The VP9 bitstream format specification was frozen in June 2013. But it seems that some features (e.g. Levels) were added afterwards. AV1 derives from VP9 with most of the additions being made by the Google teams based on the developments of VP10. AV1 still moves a lot, but AV1 high-level structures likely won’t move. I expect the authors to add low level tools such as transformation types (ADCT, ADST, …) which are inferred in HEVC but can be custom in AV1; and also tools from the other codec makers (Daala from Mozilla and Thor from Cisco).

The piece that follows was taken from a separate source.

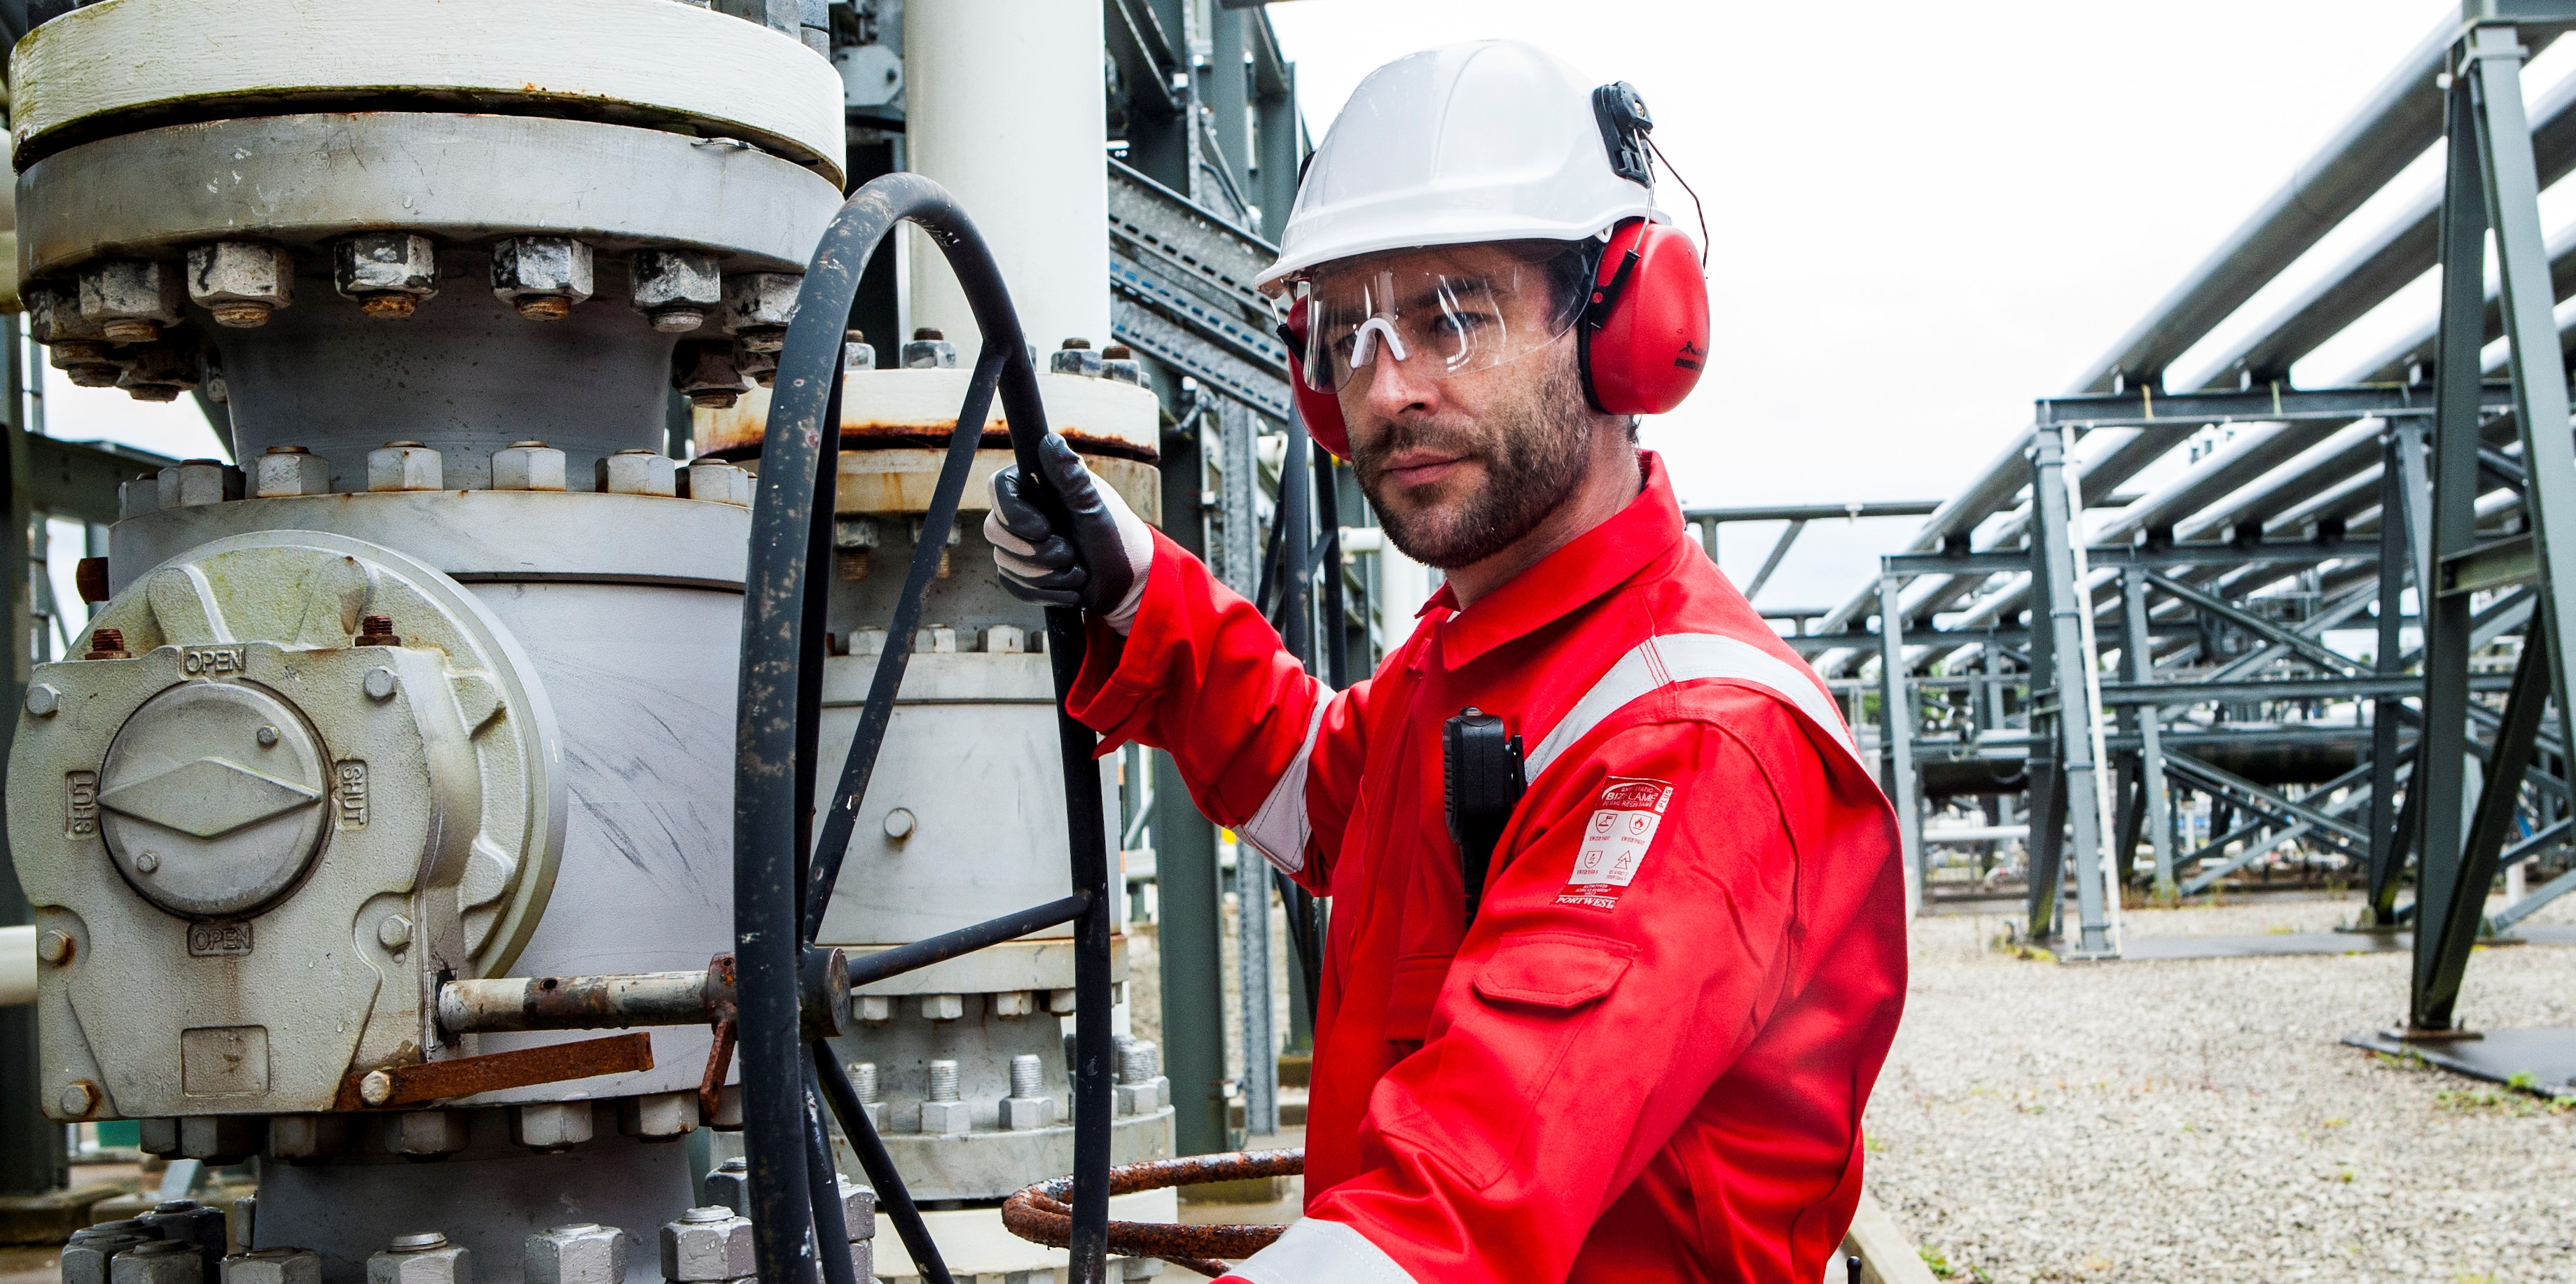 Arbeiter in industriellem Kontext in Schutzkleidung: weißer Helm, Brille, roter Ohrenschutz, schwarze Handschuhe und Schutzoverall FR50 in Rot mit Reflexstreifen.

VP9 and AV1 bitstreams are quite different from AVC/HEVC in several ways:

  • In VP9/AV1, each frame is complete. There is no such thing as Slices, only Tiles. As a consequence, there is no high-level abstraction like NALUs for HEVC (and AVC and derivatives) and frame fragmentation over RTP is simpler but less robust to packet loss.
  • The state of a VP9/AV1 encoder or decoder can be represented by the set of reference frames plus the arithmetic context. There is no need like in AVC/HEVC to maintain which parameter set (SPS, PPS, …) is active.
  • In VP9/AV1, a “Frame parallel decoding mode” allows to parse frames in parallel.
  • The arithmetic coding is way simpler than AVC/HEVC. The state of the arithmetic coder can be duplicated for a group of frames.
  • Reference Picture Set (RPS) is simpler in VP9.
  • There is no anti-emulation as required in AVC/HEVC. This simplifies the decoding process but at the cost of not being able to transport VP9 or AV1 on MPEG-2 TS.
  • The pixel reconstruction phase of VP9 requires more hardware surface than HEVC, because VP9 uses numbers with higher precision requiring more adders. And the transform coefficients are ordered in a less predicable way in VP9 (which will result in more hardware surface).
  • There is no such thing as VP9 or AV1 File Format (AVC/HEVC has raw, Annex B, and canonical/MP4). One needs to use the IVF File Format or WebM.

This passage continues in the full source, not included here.